I'd say the comfort level of how lobbyists interact with the commission on a day-to-day basis is pretty high. I don't know many people who are shy about calling up and saying they're about to go into a meeting and they don't know if they have to report it. The advice you usually get is along the lines of “err on the side of caution”, but it's better to ask for an explanation than forgiveness later. I think most people would find the day-to-day interaction between the commissioner, her staff, and the lobbying community to work very well.
:
Mr. Lemieux, I think both of your questions were bang on.
To your second point, and not to go far from what Jim was saying, I think our style of lobbying, certainly from the American style of lobbying, is totally different. I think the rules we put in place and the rules that are in place are things we support. We believe in that transparency and accountability.
I think certainly the federal commissioner and also the provincial and other ones we deal with have all opened up and they are receptive to changes. They understand that the first set of rules has to have some level of adjustment. I think they're listening to what we want to be able to do.
This process in and of itself is great. If you're getting into the lobbying profession, I think more and more folks are aware of the rules and the ramifications. They see the front page of The Globe and Mail when a lobbyist happens to be under investigation and what kind of effect that has on that person's career and reputation. Whether or not you're proven guilty or innocent at the time, it's quite profound. I think a lot of folks who want to get into the profession are starting to think about what could happen with them.
With regard to what Jim said, we're advising our lobbyists within our firm and our clients that if there's a risk, then register and be safe, and ensure they have a record of things so they don't get into trouble, not only for themselves but also for the public office holders. We're trying to do that.
:
I think we'll all have a minute to say something on this.
I think with the grandiose American style of anything that happens, the influence on us is profound in some cases, and unfortunately in most cases. But with lobbying, the money in the U.S.—the retainer amounts, the success fees, the contingency fees—is beyond the pale, and I think it allows for people to be motivated or incented to do things that otherwise....

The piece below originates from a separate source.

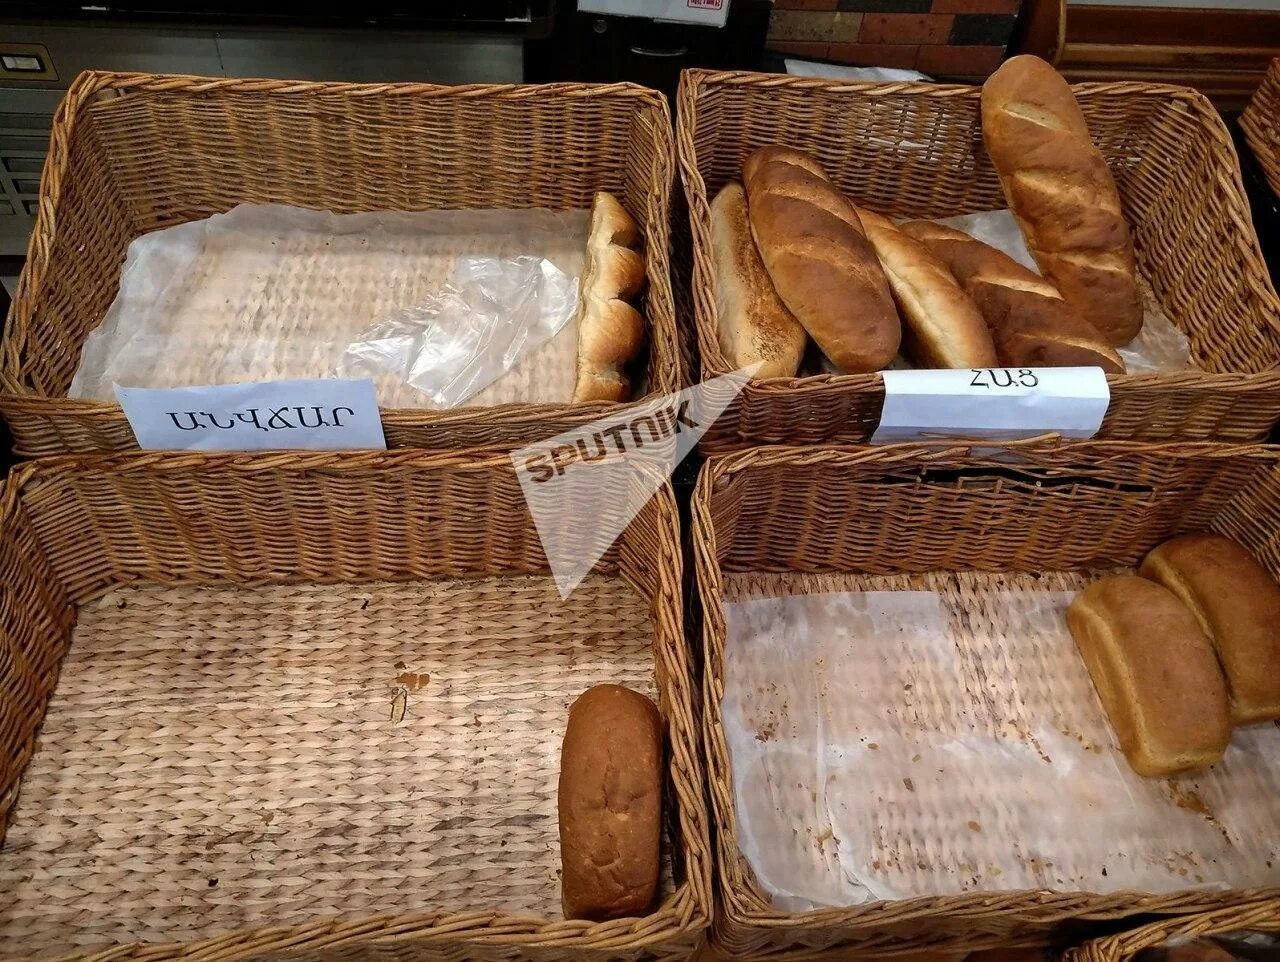 Хлеб в магазине. Ящик для хлеба. Корзина для хлеба. Хлеб из магазина батон. Сонник видеть хлеб

The fact that we don't have contingency fees or success fees here is a great thing. None of us ever complain about that. We're not here to benefit. If the client gets a certain issue resolved through government, as Mr. Del Mastro said, by and large it's the government that decides, or it's the opposition that decides. We just help to facilitate that meeting more than anything else and help with the strategy, I think, from that perspective. The American style is so much more focused on money.